Uzaktan eğitim olağanüstü süreçlerin yaşandığı bir ortamda pansuman bir çözüm olabilir. Belki pandemide yapılacak en iyi uygulama olarak her eğitimcinin ortak düşüncesi, kanaati de bu yöndedir. Mevcut öğrencinin yarısının katılım sağladığı eğitimde pedagojik olarak sıkıntılı yönleri olduğu değerlendirilebilir. Yalnız bu sürecin normal bir zamanın eğitim modeli olamayacağını aklımızdan çıkarmamız gerekir. Şimdi sadece 1.sınıf ve okul öncesi öğrencilerimizden pandemi tedbirleri alınıp kısmi olarak yüz yüze eğitime geçildiği gün tekrar eğitim meşalesinin parlaması huzur getirdi okullara. Elbette eğitimin ruhu örgün eğitim modelidir. Öğreten ile öğrenenin yüz yüze eğitim modeli. Sanal ortamlarda 30 -40 cm ekranların karşısında ki eğitimden, yüzlerce hatta binlerce defa etkili ve kalıcıdır yüz yüze eğitim. Öğretmen, öğrenci ile sınıfta göz teması kurarak ,söz ve mimiklerle anlık müdahale ve değerlendirme imkânına sahip. Sanal ortamda daraltılmış görüntü ile müdahale etme ve düzelme imkânından yoksundur öğretmen. Yüz yüze de karşısındaki öğrencinin gönlüne kalbine dokunabilirken uzaktan eğitim, adından da belli olduğu gibi ‘’gözden ırak olan gönülden de uzak kalıyor ’’sözünü doğruluyor maalesef. Sokakların tuzaklarla dolu ortamlarında boşlukta olan eğitim çağındaki çocuklarımızın okullara çekilmesi önceliğimiz olmalı. Aileler olarak sağlığı öncelik sırasına koyarak, bilim kurulunun tavsiyesi tüm önlemleri almalı ve öğrenciyi tedbirlerle donatılmış olarak okula göndermeli. Sokakta ki kontrolsüz yaşamdan daha kontrollü bir kurumsal alan olan okula gönderilme işinde aile sorumluğunu bilmeli. Kurum içinde de okul yönetici ve öğretmenler bu işin ciddiyetini göz önünde tutmalıdır. Bu işin topyekûn kurallar çerçevesinde üstesinden gelip mücadeleyi kazanabiliriz.

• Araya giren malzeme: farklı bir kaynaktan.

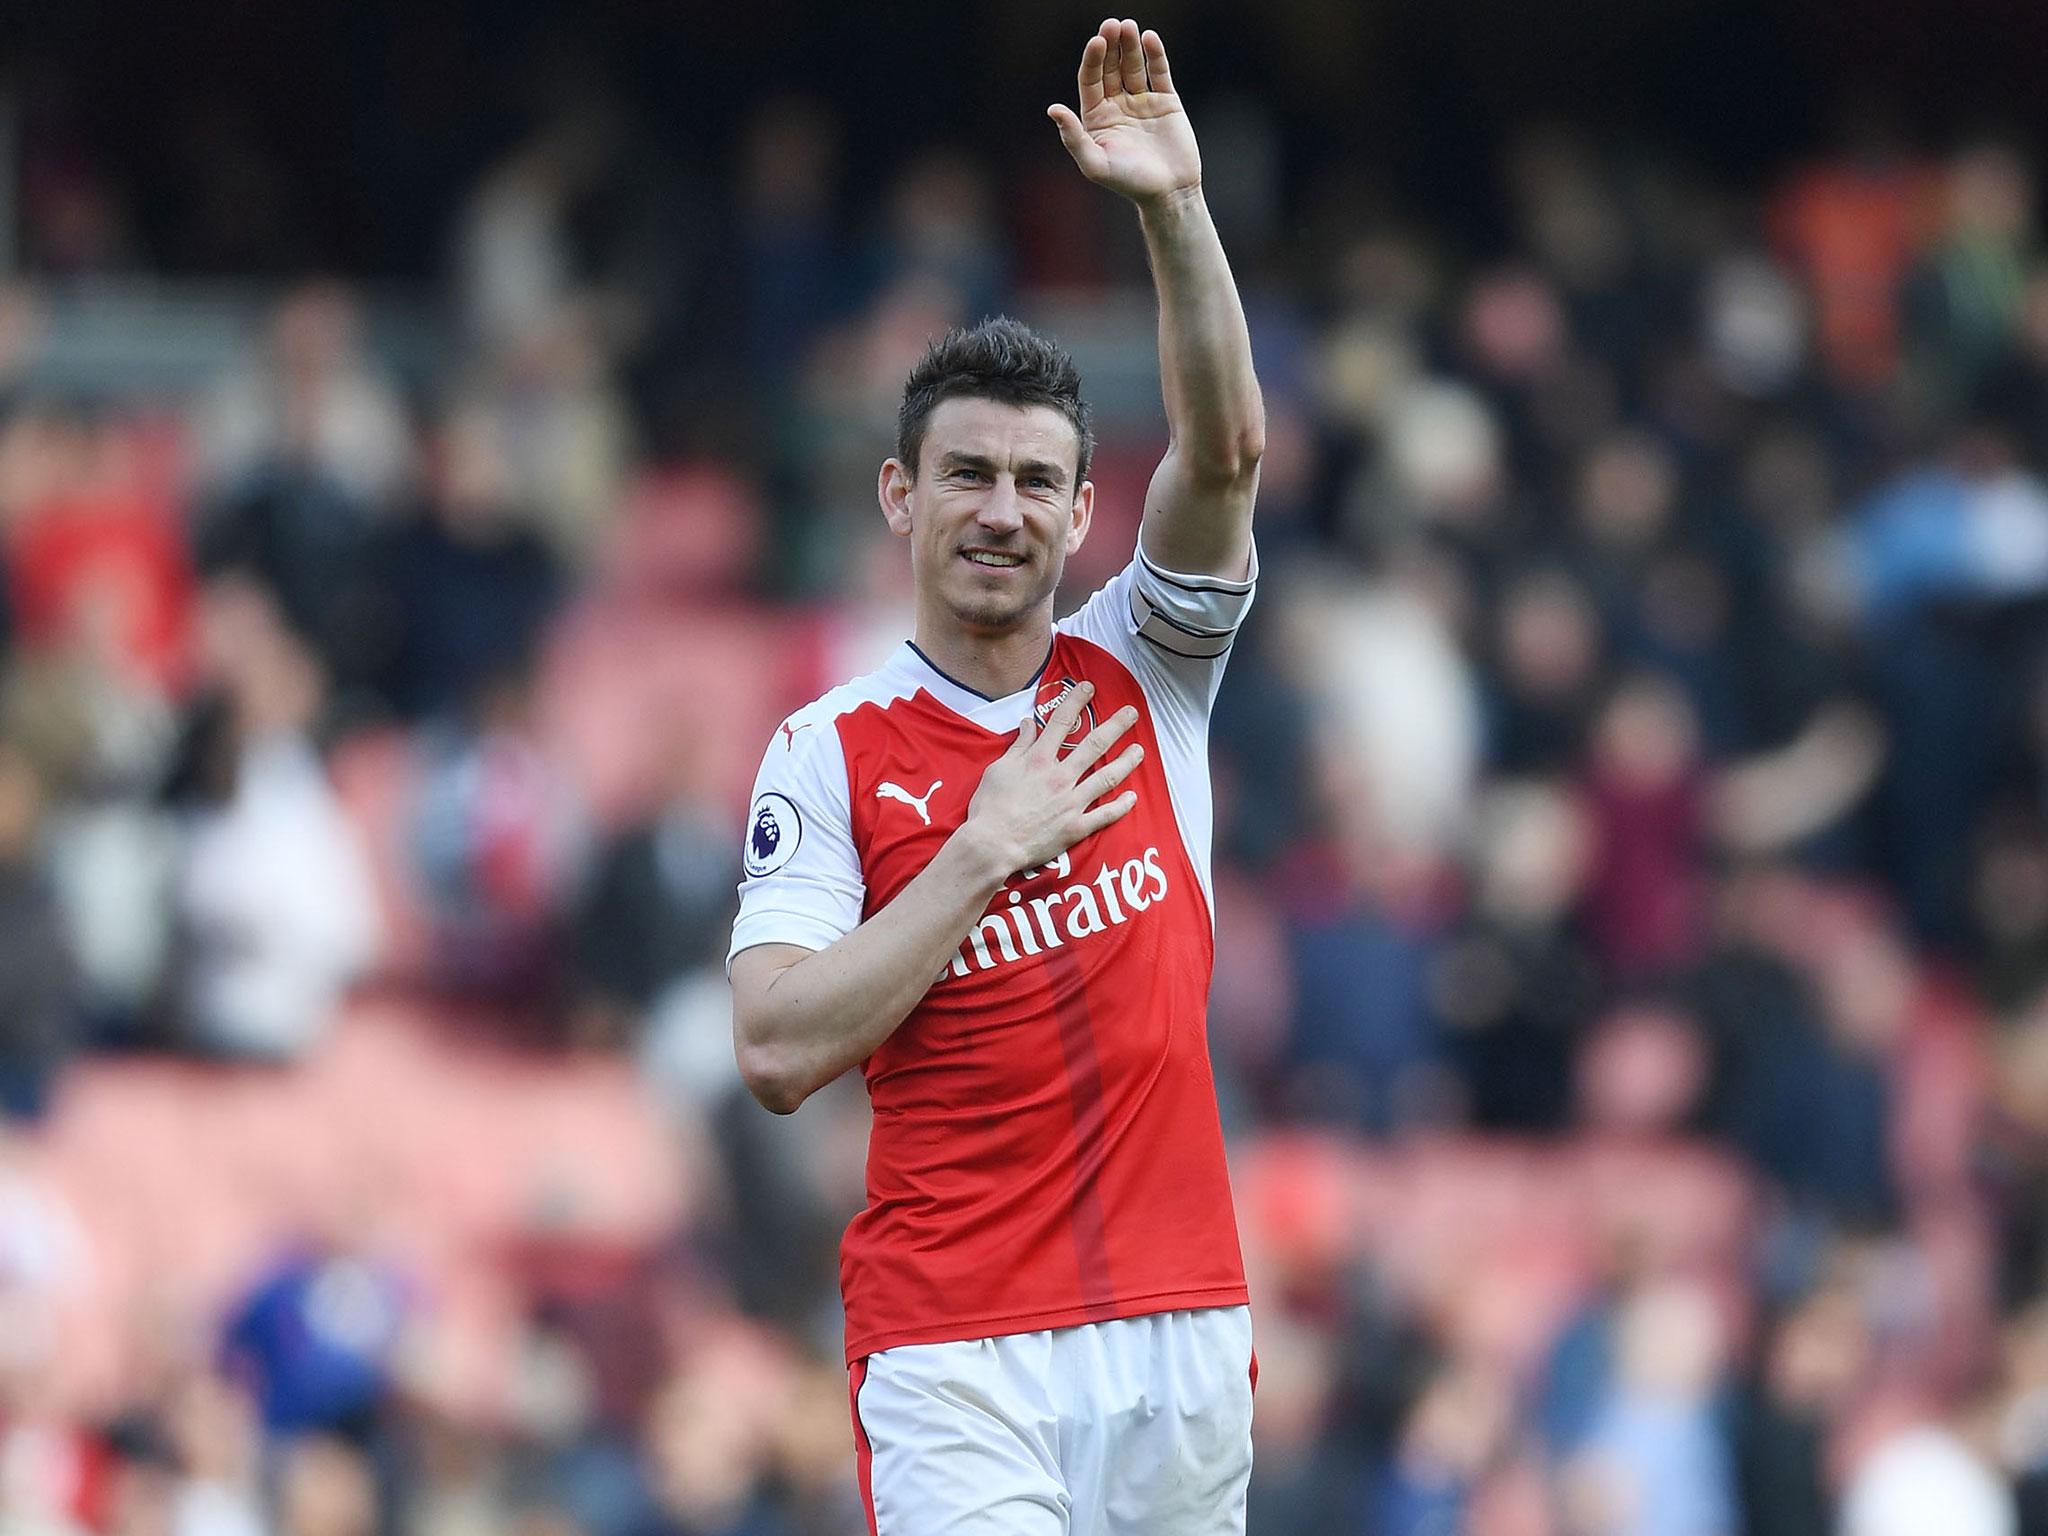 Laurent Koscielny is an injury doubt for Arsenal's trip to Southampton on Wednesday

Sağlıklı bir eğitim hayatı yolculuğunu sürdürebiliriz. Eğitim ordusu çalışanları olarak elimizi taşın altına koyup, yüz yüze eğitimi hibrit veya bakanlığımızın önereceği modelde, canhıraş uygulamalı ve gayret göstermeliyiz. Çünkü okul kuralların uygulandığı ve kazanıma dönüştürüldüğü yuvadır.

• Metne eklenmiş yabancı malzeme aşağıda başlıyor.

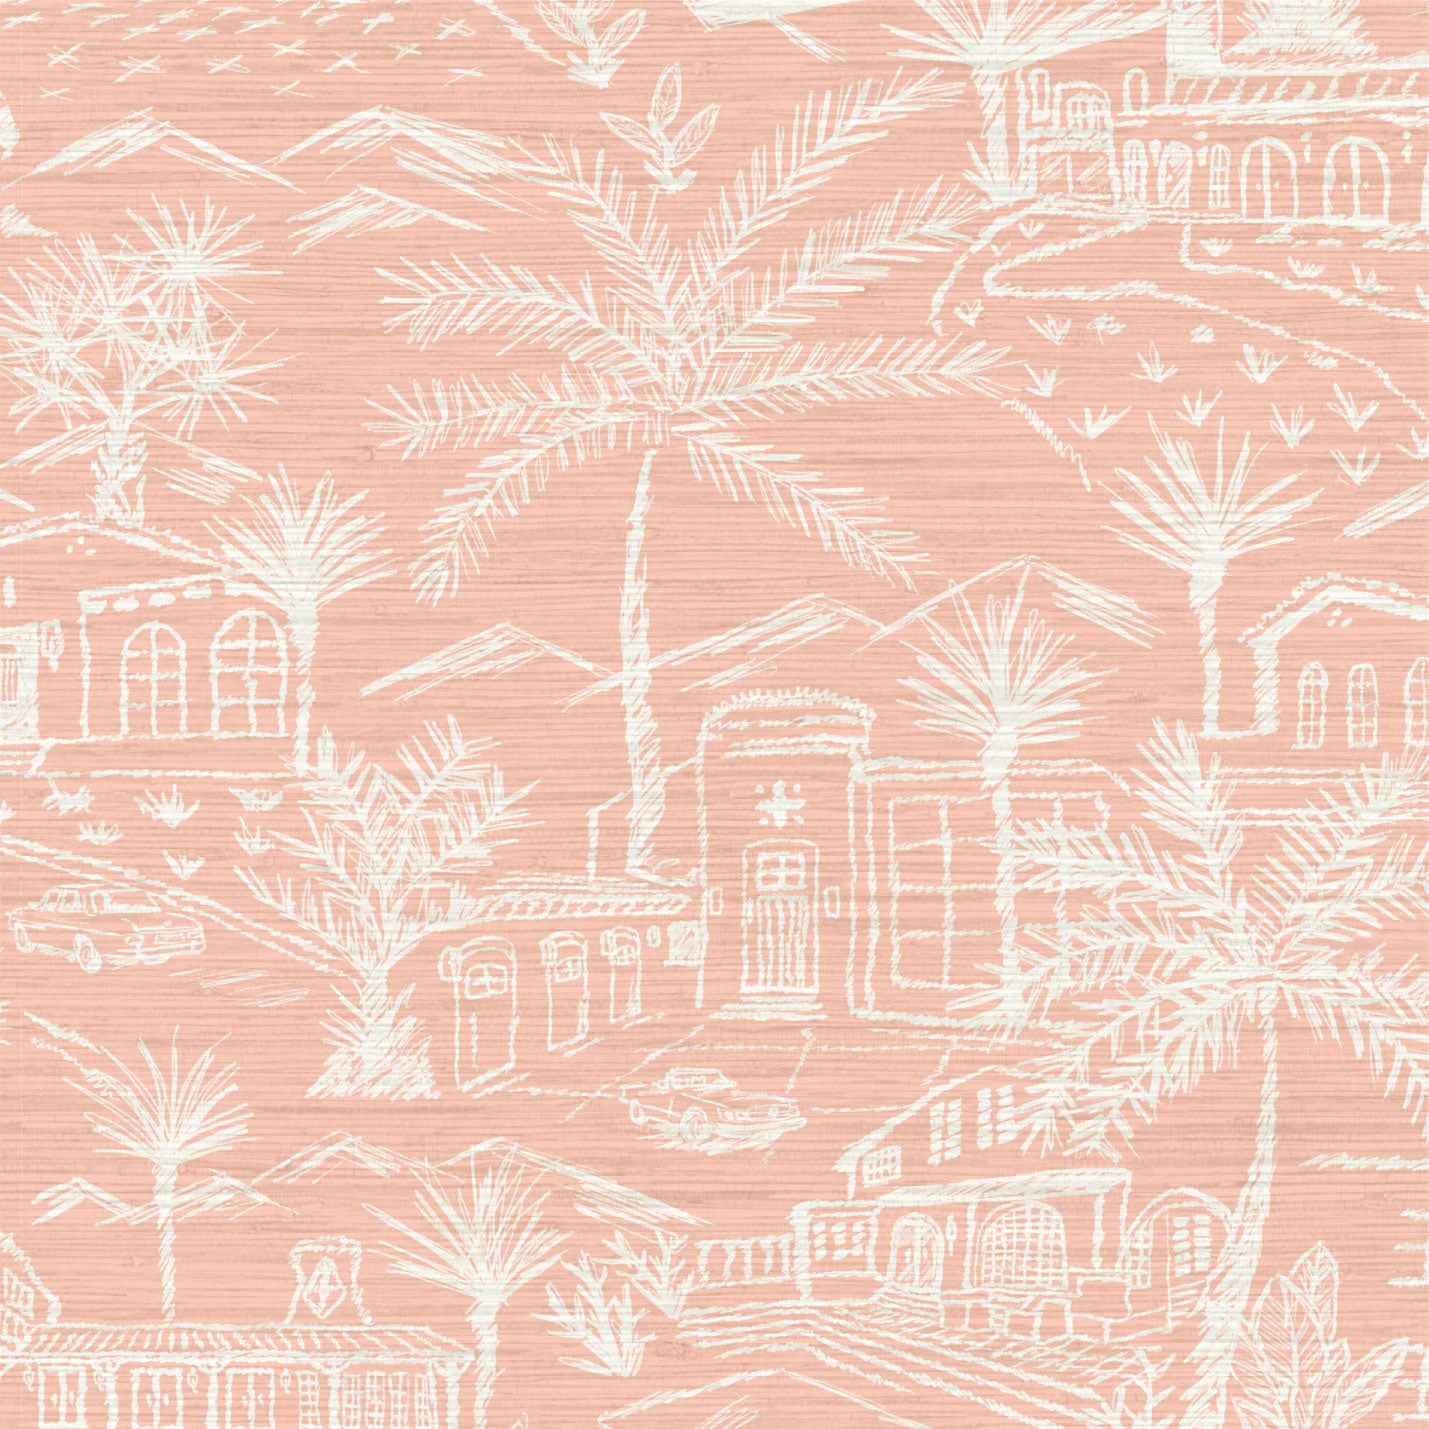 Grasscloth wallpaper Natural Textured Eco-Friendly Non-toxic High-quality Sustainable Interior Design Bold Custom Tailor-made Retro chic Bold tropical garden palm tree vintage coastal toile Grasscloth wallpaper Natural Textured Eco-Friendly Non-toxic High-quality Sustainable Interior Design Bold Custom Tailor-made Retro chic Bold Toile de Jouy baby pink light pale nursery girl room off-white white

Çocukları korona tedbirlerine göre eğitirsek, onlarında aile fertlerini tedbirlere uyma konusunda denetleyen minik eğiticiler olacaklarına yürekten inanıyoruz.

O halde bilim kurulu ve bakanlığımıza çağrımız şu olsun.

Çocuğu eğitirsek toplumu eğitmiş ve kontrollü yaşamla virüsle savaşı kazanmış oluruz.